• **Task instructions**: Some entries follow. Reproduce exactly the lines starting at the one with "Ein Zivildiener und" and stopping after the one with "Am letzten Tag".

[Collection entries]
■ ■ ■ ■ ■ ■ ■

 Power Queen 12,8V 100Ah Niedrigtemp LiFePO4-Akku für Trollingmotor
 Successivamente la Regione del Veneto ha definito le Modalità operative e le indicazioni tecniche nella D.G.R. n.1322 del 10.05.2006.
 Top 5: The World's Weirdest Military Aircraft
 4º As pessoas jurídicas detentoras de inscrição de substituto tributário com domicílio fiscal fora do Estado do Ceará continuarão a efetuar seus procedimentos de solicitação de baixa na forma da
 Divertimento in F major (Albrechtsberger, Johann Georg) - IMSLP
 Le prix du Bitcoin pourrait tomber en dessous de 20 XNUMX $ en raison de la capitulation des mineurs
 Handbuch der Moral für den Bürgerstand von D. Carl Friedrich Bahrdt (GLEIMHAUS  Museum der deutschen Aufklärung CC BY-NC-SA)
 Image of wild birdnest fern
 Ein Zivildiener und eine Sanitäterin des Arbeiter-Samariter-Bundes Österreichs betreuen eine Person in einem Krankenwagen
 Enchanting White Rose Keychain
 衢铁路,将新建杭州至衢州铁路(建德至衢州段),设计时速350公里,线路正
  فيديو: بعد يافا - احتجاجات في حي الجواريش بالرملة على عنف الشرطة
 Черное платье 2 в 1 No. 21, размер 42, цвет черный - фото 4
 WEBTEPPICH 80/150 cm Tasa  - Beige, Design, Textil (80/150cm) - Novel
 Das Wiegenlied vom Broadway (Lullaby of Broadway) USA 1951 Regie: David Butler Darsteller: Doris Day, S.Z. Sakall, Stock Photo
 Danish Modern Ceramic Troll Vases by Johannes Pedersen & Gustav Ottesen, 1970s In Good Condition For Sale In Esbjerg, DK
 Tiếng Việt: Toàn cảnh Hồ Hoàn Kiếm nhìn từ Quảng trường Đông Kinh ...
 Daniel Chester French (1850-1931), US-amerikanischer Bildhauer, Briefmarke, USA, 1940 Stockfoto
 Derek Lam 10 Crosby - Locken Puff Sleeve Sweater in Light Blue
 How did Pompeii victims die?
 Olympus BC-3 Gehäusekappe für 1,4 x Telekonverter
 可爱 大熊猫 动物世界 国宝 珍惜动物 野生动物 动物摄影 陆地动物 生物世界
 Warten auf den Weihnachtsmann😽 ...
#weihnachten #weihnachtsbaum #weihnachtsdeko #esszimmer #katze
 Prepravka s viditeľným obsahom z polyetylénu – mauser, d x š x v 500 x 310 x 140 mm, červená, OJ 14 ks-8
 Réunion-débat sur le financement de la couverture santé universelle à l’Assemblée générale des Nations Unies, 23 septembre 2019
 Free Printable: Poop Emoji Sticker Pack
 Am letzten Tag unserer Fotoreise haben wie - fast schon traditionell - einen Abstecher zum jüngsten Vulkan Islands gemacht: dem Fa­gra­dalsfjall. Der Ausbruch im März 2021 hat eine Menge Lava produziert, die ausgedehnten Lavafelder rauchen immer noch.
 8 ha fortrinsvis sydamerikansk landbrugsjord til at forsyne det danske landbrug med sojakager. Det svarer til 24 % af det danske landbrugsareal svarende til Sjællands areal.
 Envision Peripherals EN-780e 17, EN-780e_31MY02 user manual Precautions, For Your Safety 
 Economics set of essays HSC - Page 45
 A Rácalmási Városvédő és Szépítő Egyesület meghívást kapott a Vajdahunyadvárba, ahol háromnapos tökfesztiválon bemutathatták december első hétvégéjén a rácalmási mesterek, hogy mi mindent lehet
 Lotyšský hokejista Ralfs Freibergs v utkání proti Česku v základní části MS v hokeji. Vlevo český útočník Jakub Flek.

■ ■ ■ ■ ■ ■ ■

• **Response to this task**:
 Ein Zivildiener und eine Sanitäterin des Arbeiter-Samariter-Bundes Österreichs betreuen eine Person in einem Krankenwagen
 Enchanting White Rose Keychain
 衢铁路,将新建杭州至衢州铁路(建德至衢州段),设计时速350公里,线路正
  فيديو: بعد يافا - احتجاجات في حي الجواريش بالرملة على عنف الشرطة
 Черное платье 2 в 1 No. 21, размер 42, цвет черный - фото 4
 WEBTEPPICH 80/150 cm Tasa  - Beige, Design, Textil (80/150cm) - Novel
 Das Wiegenlied vom Broadway (Lullaby of Broadway) USA 1951 Regie: David Butler Darsteller: Doris Day, S.Z. Sakall, Stock Photo
 Danish Modern Ceramic Troll Vases by Johannes Pedersen & Gustav Ottesen, 1970s In Good Condition For Sale In Esbjerg, DK
 Tiếng Việt: Toàn cảnh Hồ Hoàn Kiếm nhìn từ Quảng trường Đông Kinh ...
 Daniel Chester French (1850-1931), US-amerikanischer Bildhauer, Briefmarke, USA, 1940 Stockfoto
 Derek Lam 10 Crosby - Locken Puff Sleeve Sweater in Light Blue
 How did Pompeii victims die?
 Olympus BC-3 Gehäusekappe für 1,4 x Telekonverter
 可爱 大熊猫 动物世界 国宝 珍惜动物 野生动物 动物摄影 陆地动物 生物世界
 Warten auf den Weihnachtsmann😽 ...
#weihnachten #weihnachtsbaum #weihnachtsdeko #esszimmer #katze
 Prepravka s viditeľným obsahom z polyetylénu – mauser, d x š x v 500 x 310 x 140 mm, červená, OJ 14 ks-8
 Réunion-débat sur le financement de la couverture santé universelle à l’Assemblée générale des Nations Unies, 23 septembre 2019
 Free Printable: Poop Emoji Sticker Pack
 Am letzten Tag unserer Fotoreise haben wie - fast schon traditionell - einen Abstecher zum jüngsten Vulkan Islands gemacht: dem Fa­gra­dalsfjall. Der Ausbruch im März 2021 hat eine Menge Lava produziert, die ausgedehnten Lavafelder rauchen immer noch.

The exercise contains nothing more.